# Buying bras



## Steff (Jul 27, 2012)

Sorry lads one for the ladies 


Anyone else find bra shopping a nightmare I assumed I was one size then found out I was another tried bra on then it still didn't fit.i nearly ordered a bra online then realised bras are not the kinda thing you order unless you go to one of these tailor made bra places which I tried but the prices are a joke grrr.oh well I will find one before I lose the shape of um all together


----------



## gail1 (Jul 27, 2012)

bra shopping is a night mare for me as well trying to find one thats nice looking and does the job is a joke


----------



## robofski (Jul 27, 2012)

Worst thing about bras is when your daughter starts wearing them...means she's growing up, next it will be boyfriends and wanting to go to parties   Not happening, she's staying in her room till she's 30!!!


----------



## Monica (Jul 27, 2012)

robofski said:


> Worst thing about bras is when your daughter starts wearing them...means she's growing up, next it will be boyfriends and wanting to go to parties   Not happening, she's staying in her room till she's 30!!!



LOL!
How embarrassing when dad is hanging daughter's bra on the washing line? Daughter's face watching


----------



## Old Holborn (Jul 27, 2012)

More embarrasing is when I go Bra shopping with Wifey and she asks the sales assistant if she got anything for my husband moobs.


----------



## robofski (Jul 27, 2012)

Monica said:


> LOL!
> How embarrassing when dad is hanging daughter's bra on the washing line? Daughter's face watching



I'm not allowed to do the washing, can't be trusted to get it right (my evil plan worked!!)


----------



## trophywench (Jul 27, 2012)

You are correct, nightmare.

M&S bras used to fit me, as had Next - now they don't, but now BHS do.


----------



## Steff (Jul 27, 2012)

Rofl love how nearly as many men have chipped in hehe

I go for Evans bras as a rule but they seem to be causing me a right mare atm


----------



## Northerner (Jul 27, 2012)

I can't remember the last time I bought a bra...


----------



## cazscot (Jul 27, 2012)

I know how you feel, Steff, I got measured in m and s, bhs, and debenhams when I lost weight and they all measured differently. I have found a bra that works for me (m and s) it is underwired at only ?14 each and comes in 4/5 different colours I might be boring but I don't care I know that this one works for me so it is the only style I wear now.


----------



## newbs (Jul 27, 2012)

I always stick to Freya bras as they are true to size and fit well, they are not cheap - though I do get them new cheap on Ebay now I know my size.  M&S bras don't fit me at all, whichever size I try.


----------



## KateR (Jul 27, 2012)

I always stick to the same one (Triumph) and look out for offers in magazines.


----------



## novorapidboi26 (Jul 27, 2012)

My misses has quite big boobs and when I met her was falling out her bras as she had never been measured, she then went to Debenhams and got measured and t some that fitted really well, then she had 2 kids and her size Changed again, smaller in fact....;(.........she then had to get measured again......

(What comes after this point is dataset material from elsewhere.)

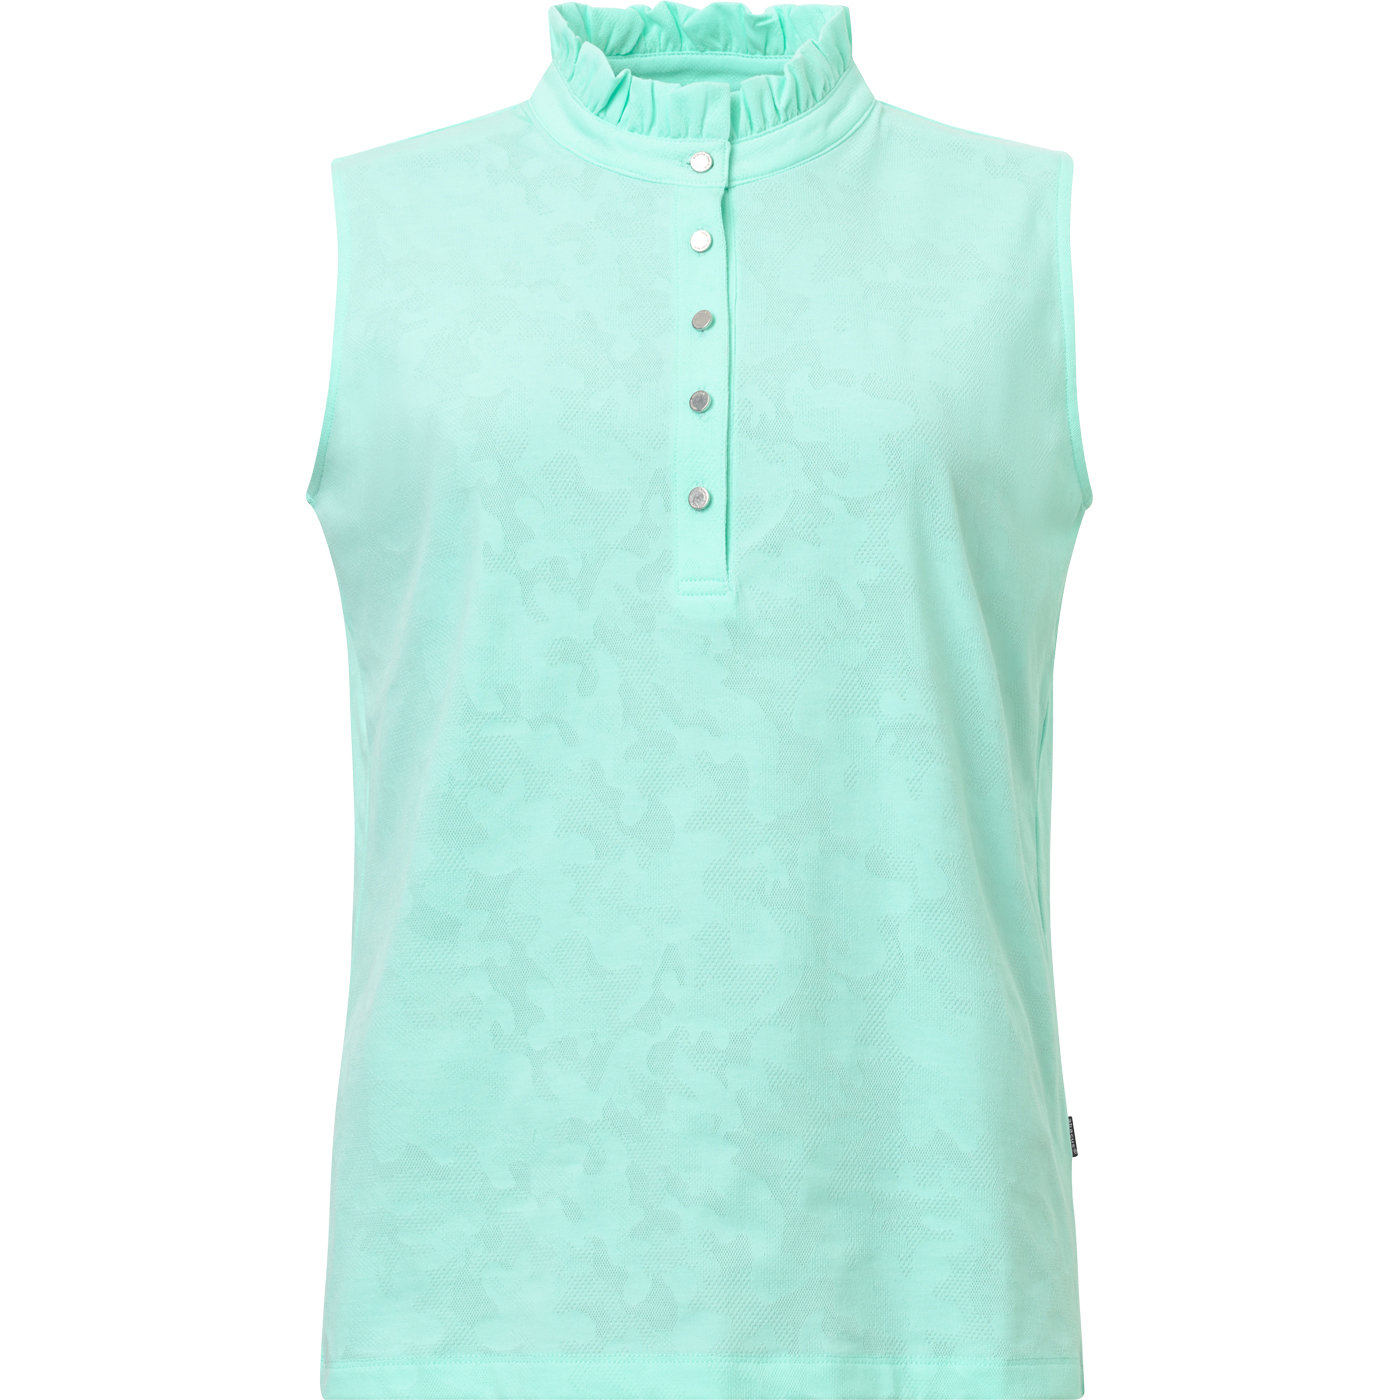 Lds Mauna sleeveless - breeze in the group WOMEN / All clothing at Abacus Sportswear (2764343)

More often than no though she uses the shop Bravissimo, they don't actually measure you, you just try some on and then pick which ones are comfiest and look nice.......that shop is better for more sexier and cheaper ones.....

First thing to do is get measured, that's for sure............I hope I didn't embarrass......?......


----------



## Steff (Jul 27, 2012)

Boi you make a good point I once got my sister to measure me with tape but that was it,my next mission is to get measured propa


----------



## cherrypie (Jul 27, 2012)

This article might help Steff.
http://www.dailymail.co.uk/femail/a...ra-shopping--needed-different-size-store.html

If ever you have some spare cash, go to Rigby and Peller in London and they will find you one that fits really well.  Too expensive for most of us but know people who go there and they always look good.


----------



## Steff (Jul 27, 2012)

cherrypie said:


> This article might help Steff.
> http://www.dailymail.co.uk/femail/a...ra-shopping--needed-different-size-store.html
> 
> If ever you have some spare cash, go to Rigby and Peller in London and they will find you one that fits really well.  Too expensive for most of us but know people who go there and they always look good.

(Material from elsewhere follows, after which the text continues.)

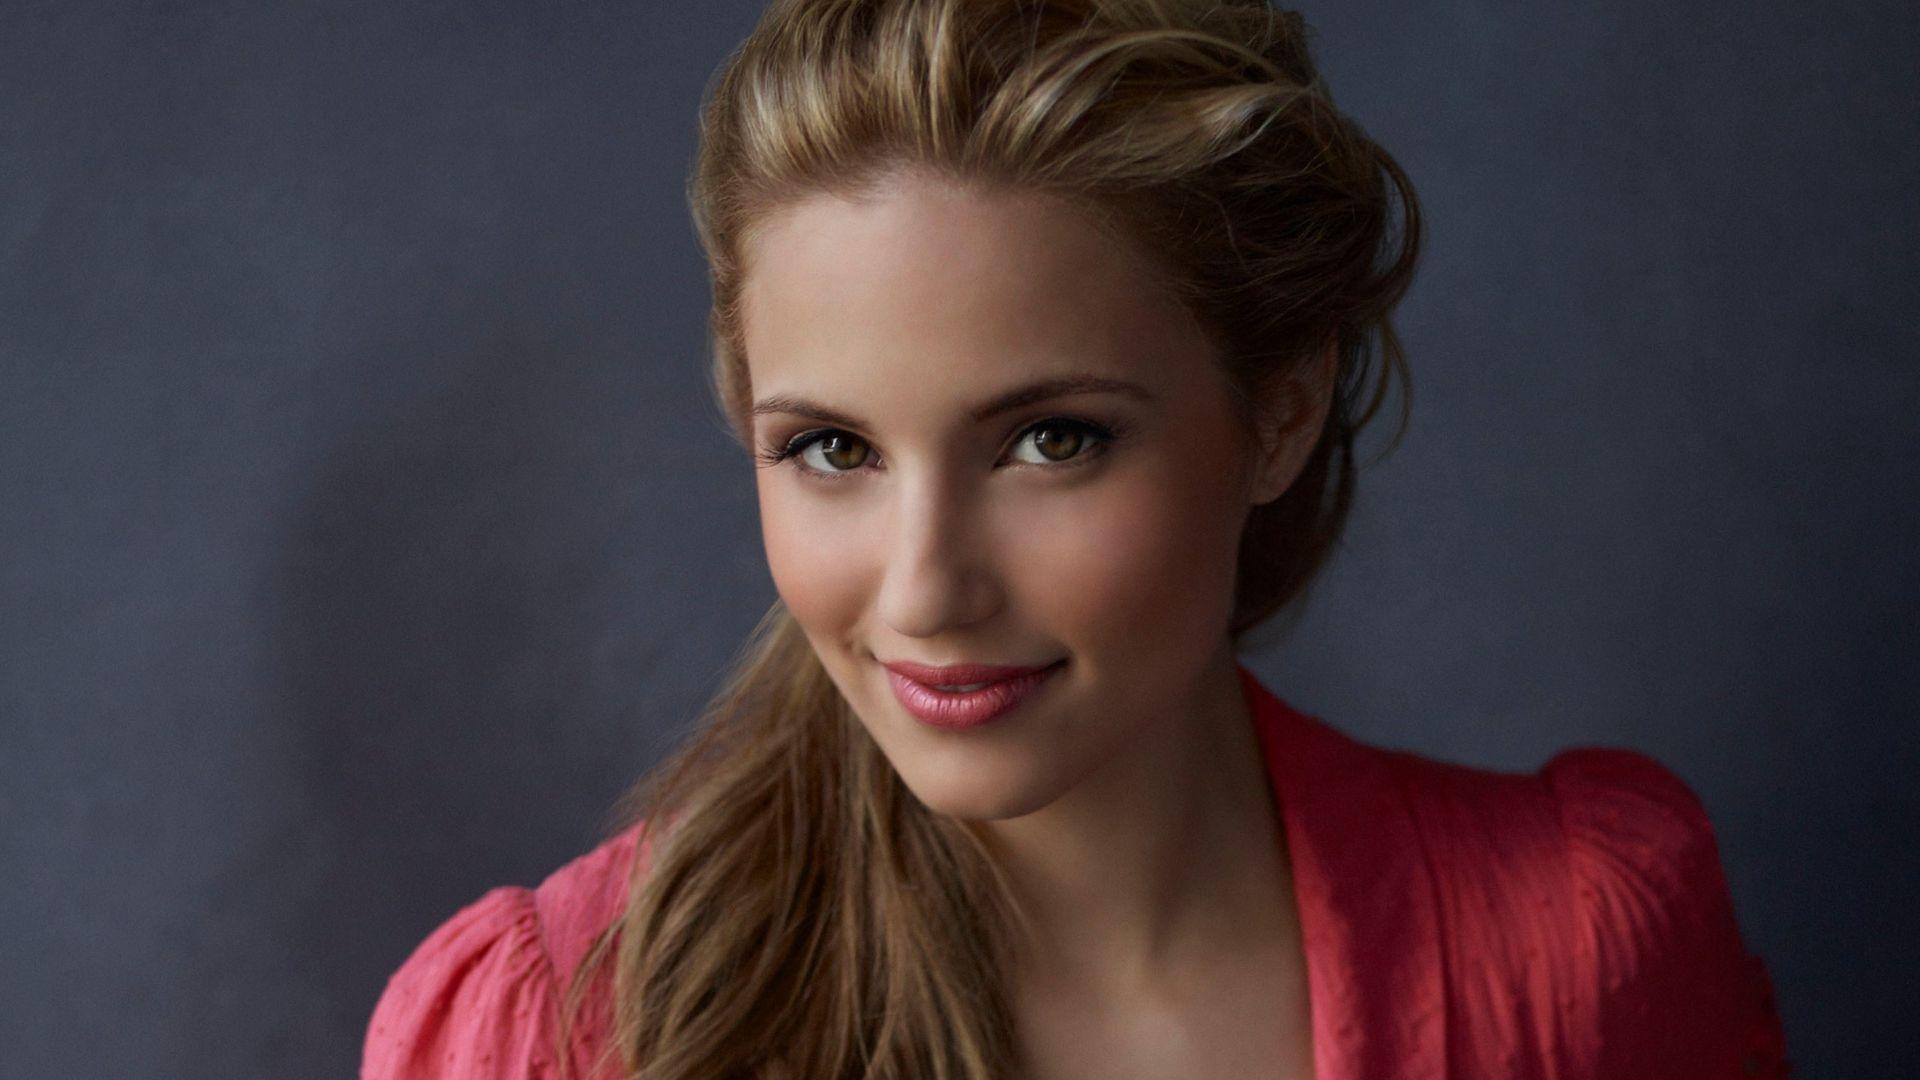 Dianna Agron Wallpaper Dianna Agron Modern Full HD Picture

good grief thanks M its like a nuclear mission it seems thats terrible she was a diff size in most stores.
Just looked at a few bras on that R&P place reckon a lottery win would be needed if i went there lol.


----------



## Ellie Jones (Jul 27, 2012)

Miss-fitting bra's is something I don't get a problem with, it would be nice to have something requiring fitting

But what I don't get is two things...

1) How come every time I go to buy a bra, all the 'small' bra's are always at the top of the racking/shelving and the bigger ones at a more reasonable levels!

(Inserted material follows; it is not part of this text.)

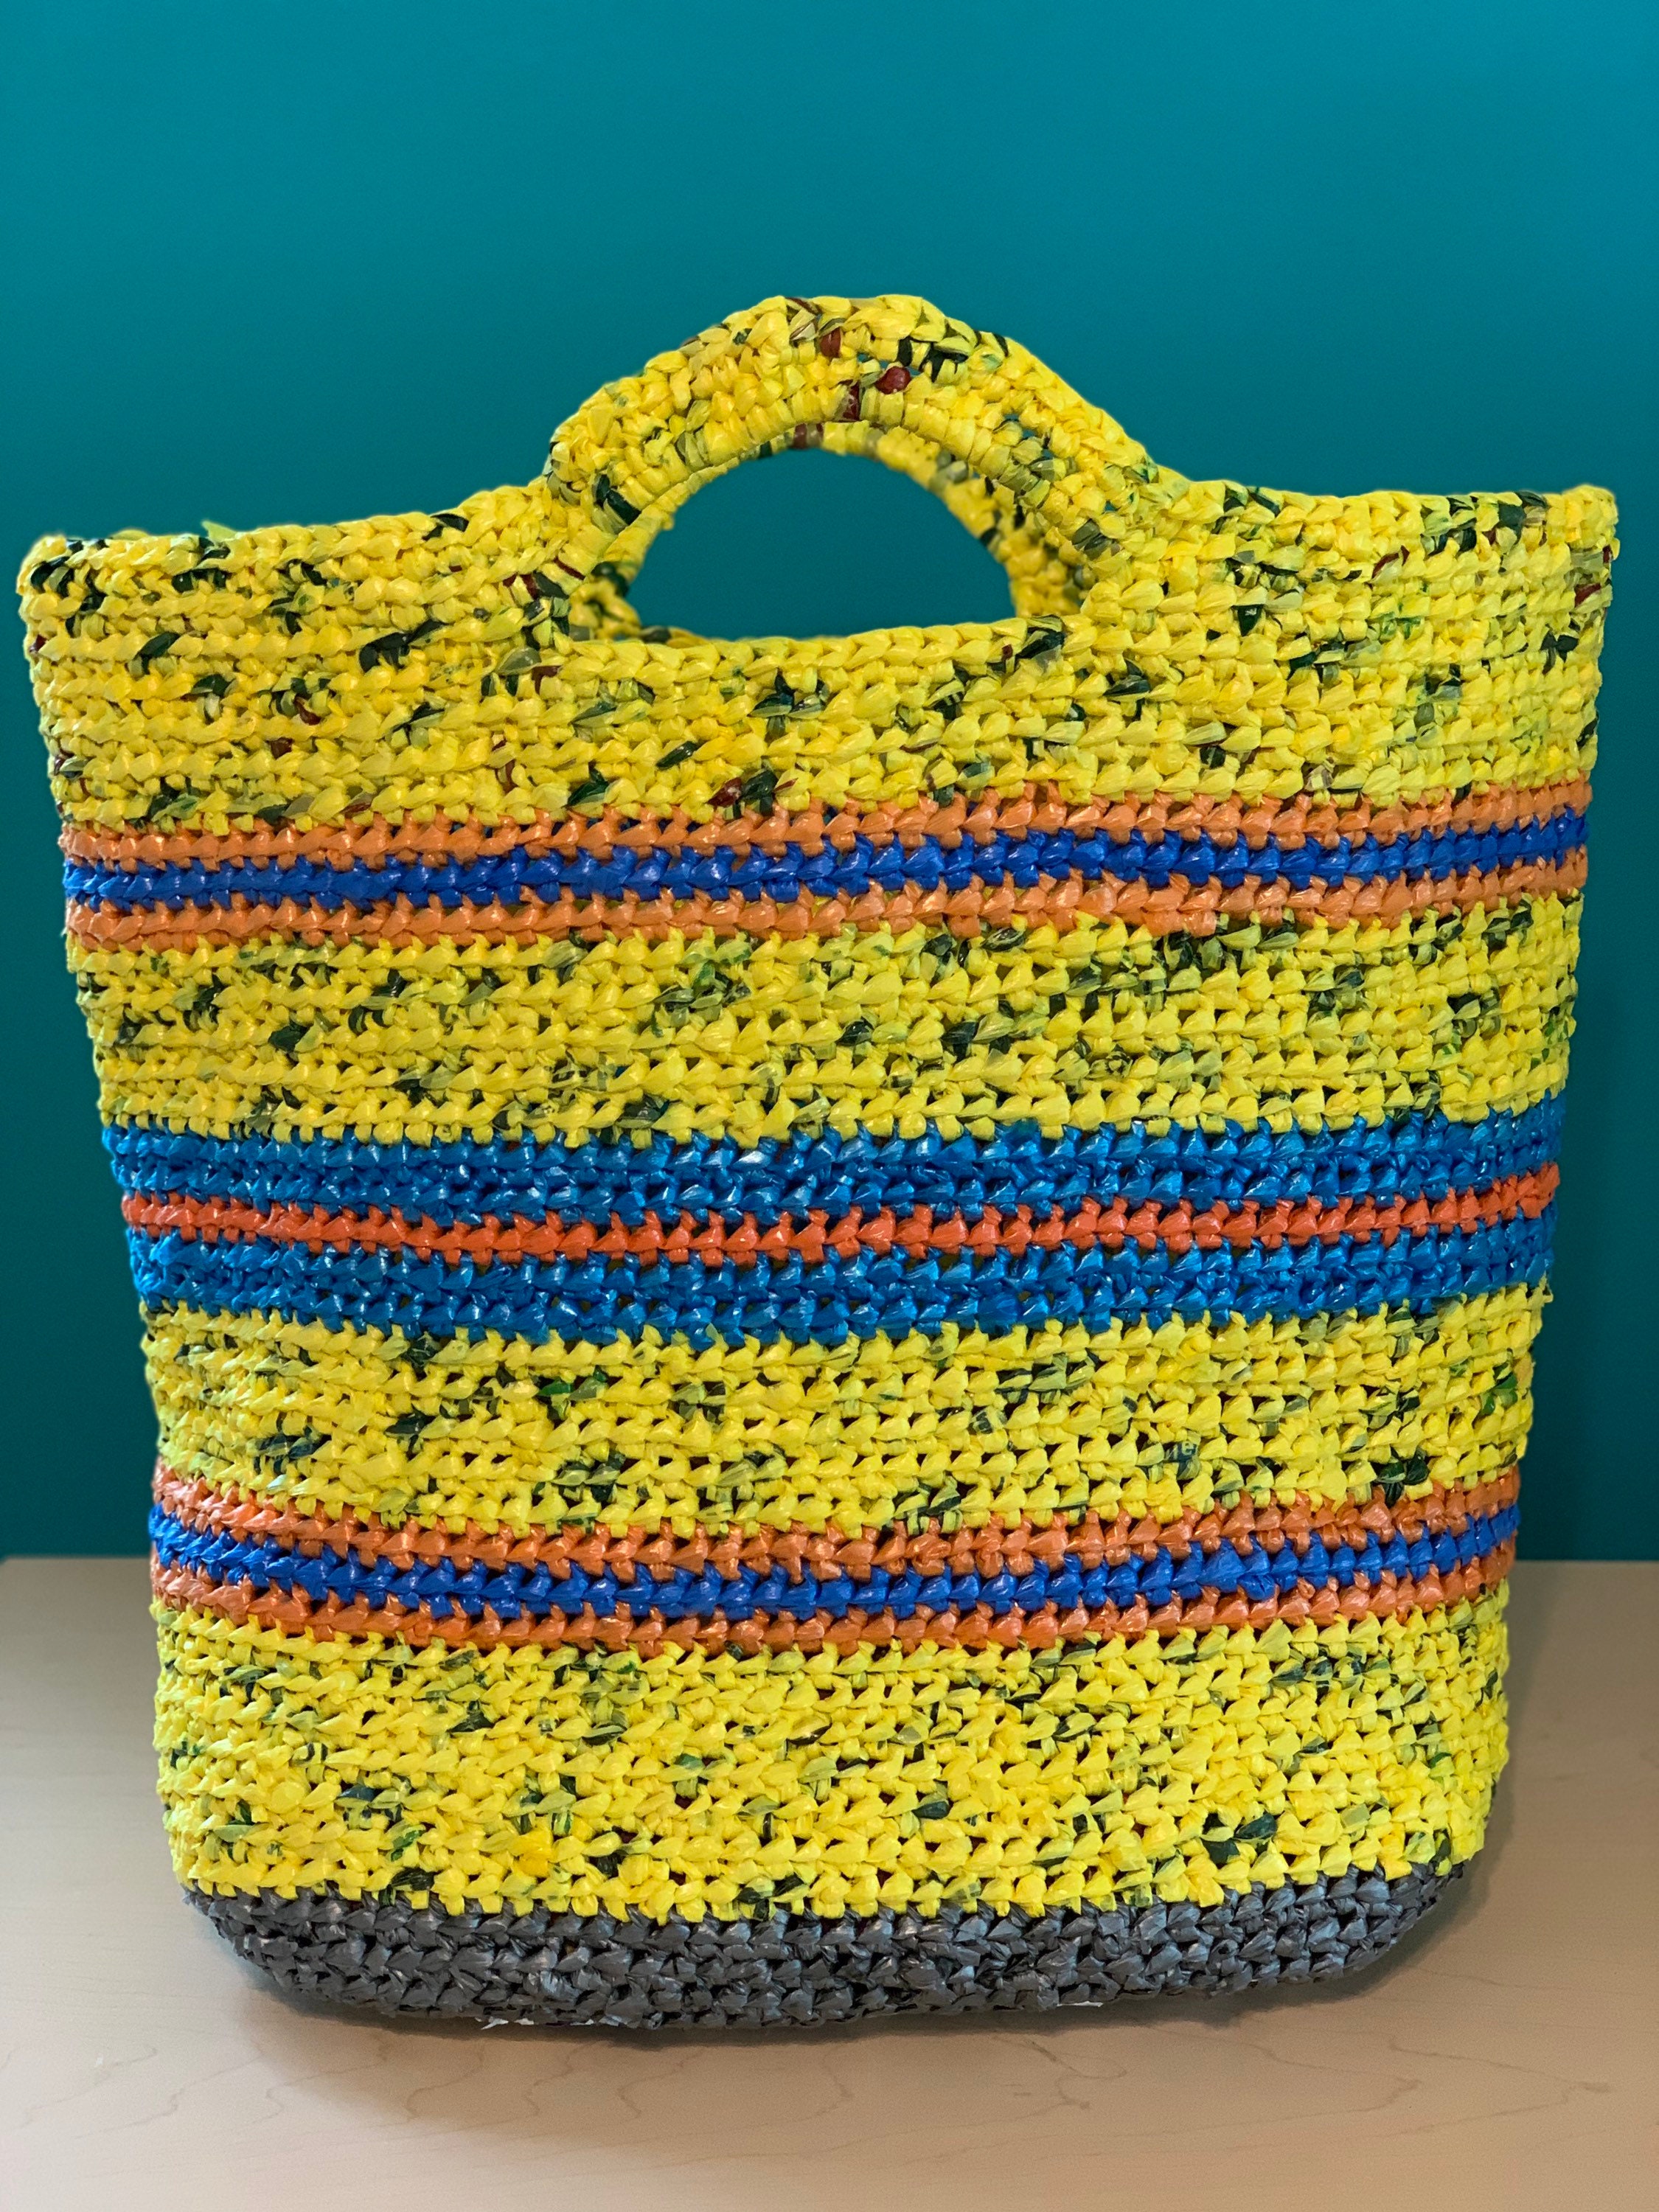 Recycled Plastic Bags Crochet Purse Shoulder Bag Blue Pink Yellow Upcycled  Tote

Poor Les gets dragged into the shop now with me, because loss of mobility in my shoulders (after frozen shoulders) I can't reach any more..

2) How come for me few strands of cloth, I still pay the same price for my bra's as my 2 daughters who give Nell Gwyn a run for her money!

My brother would if raining bring the cloths in, with the exception of our bra's and knickers...  He's been married now for almost 30 years, and still won't bring in his wife or his daughters underwear off the line....

Mind you his wife should have known this before they got married, as her parents garden backed onto our garden...  And many a time she'd laughed watching him fetching in the cloths while raining, but missed and didn't return for the underwear!


----------



## runner (Jul 27, 2012)

trophywench said:


> You are correct, nightmare.
> 
> M&S bras used to fit me, as had Next - now they don't, but now BHS do.



Same here - you find something that fits, then it's n longer available sadly.  Why is it so difficult to create a bra that fits??  It's either uncomfortable or your boobs start hanging out the form and yu have to hoist them back in!!


----------



## Hanmillmum (Jul 27, 2012)

Ellie Jones said:


> Miss-fitting bra's is something I don't get a problem with, it would be nice to have something requiring fitting
> 
> But what I don't get is two things...
> 
> ...


----------



## Dizzydi (Jul 27, 2012)

Can't believe I've missed this thread today, busy at work which is down right rude

Underwear shopping is one of my favourite pass times.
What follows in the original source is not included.